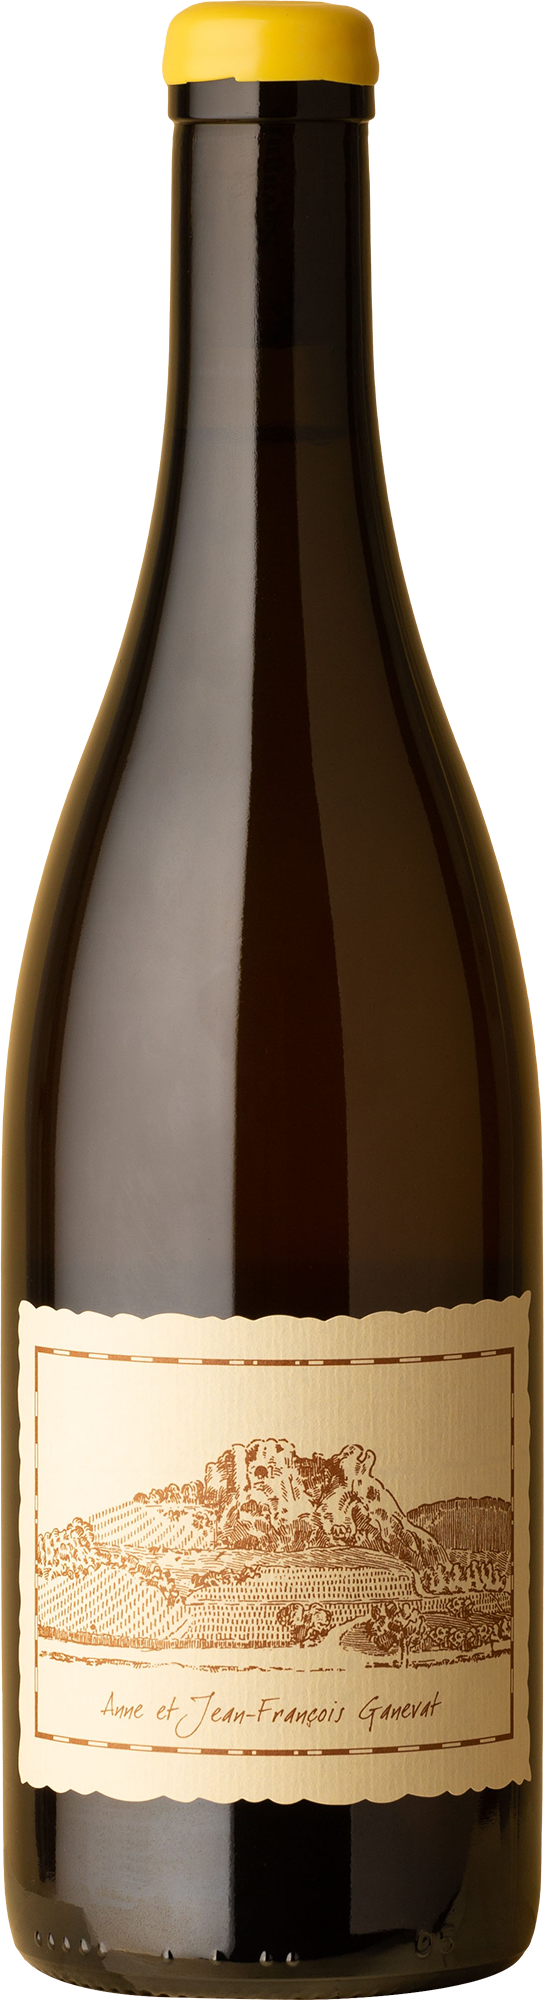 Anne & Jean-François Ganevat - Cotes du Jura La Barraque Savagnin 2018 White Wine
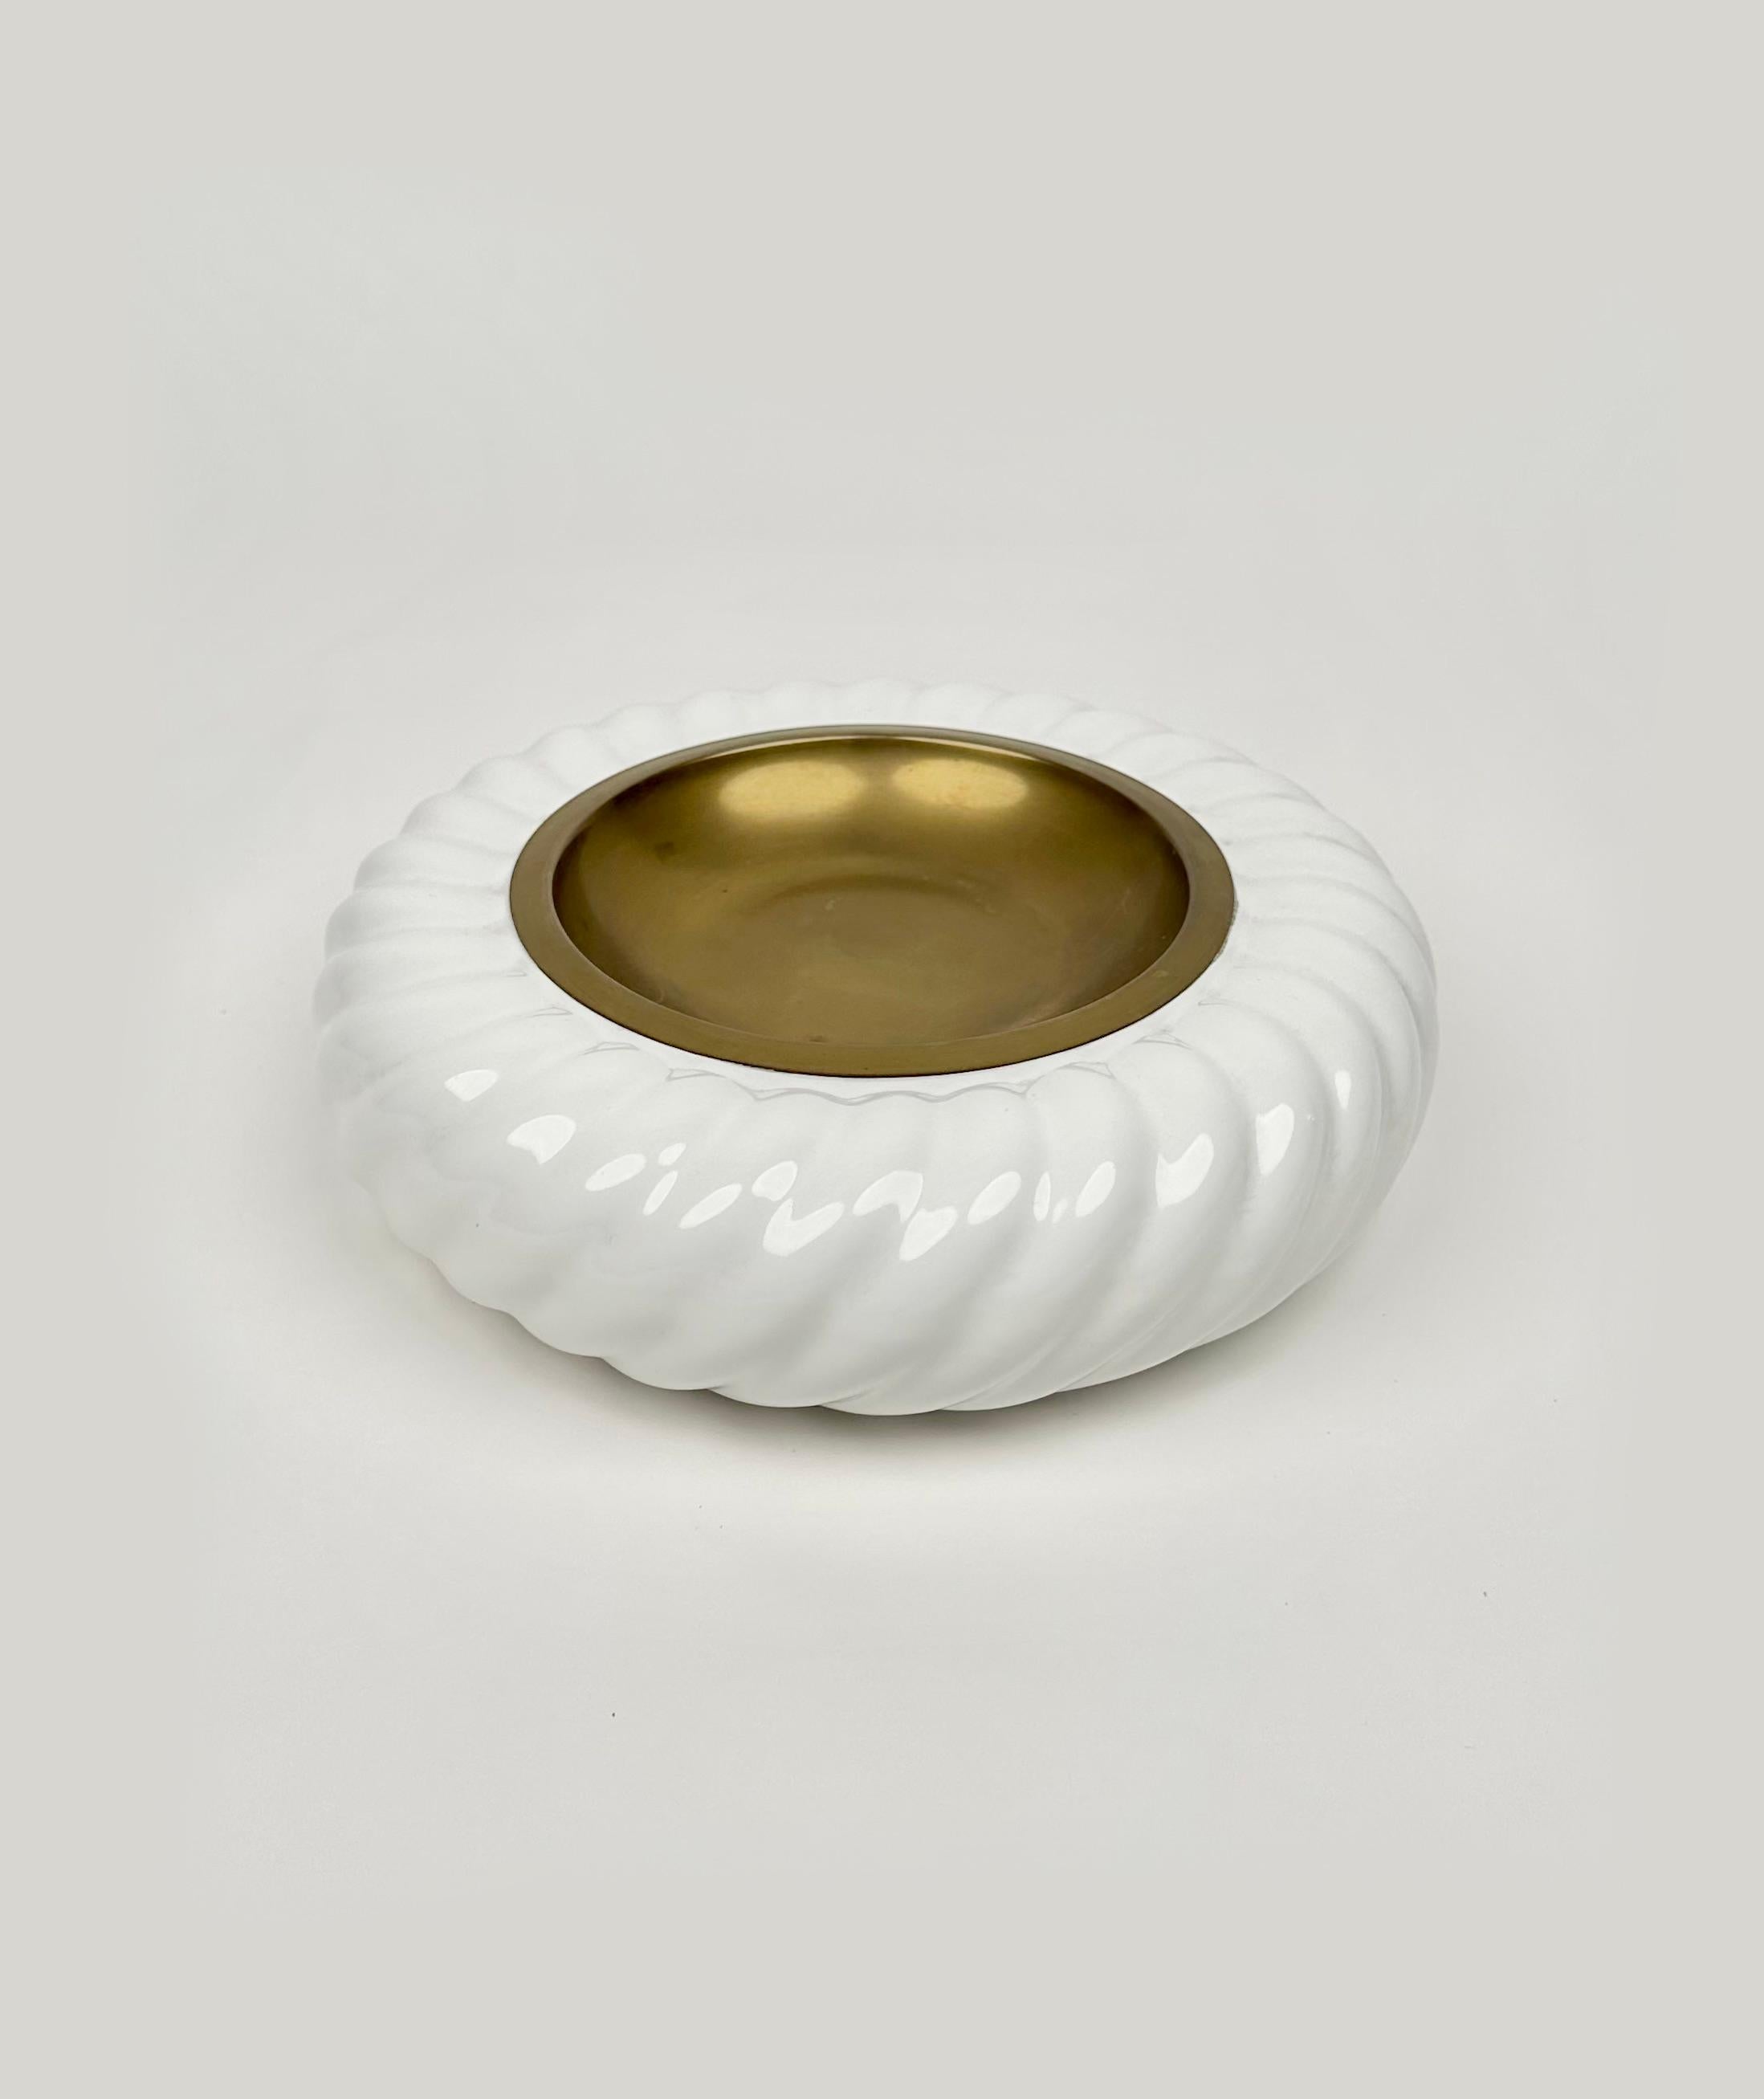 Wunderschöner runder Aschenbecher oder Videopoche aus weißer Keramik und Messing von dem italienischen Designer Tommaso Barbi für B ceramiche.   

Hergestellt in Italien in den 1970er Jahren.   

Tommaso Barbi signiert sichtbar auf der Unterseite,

········

» **Assigned task**: Copy out exactly the lines that begin at the one with "Hergestellt in Italien" and end at the close of the material above; nothing else belongs in the answer.

» **Finished task**:
Hergestellt in Italien in den 1970er Jahren.   

Tommaso Barbi signiert sichtbar auf der Unterseite,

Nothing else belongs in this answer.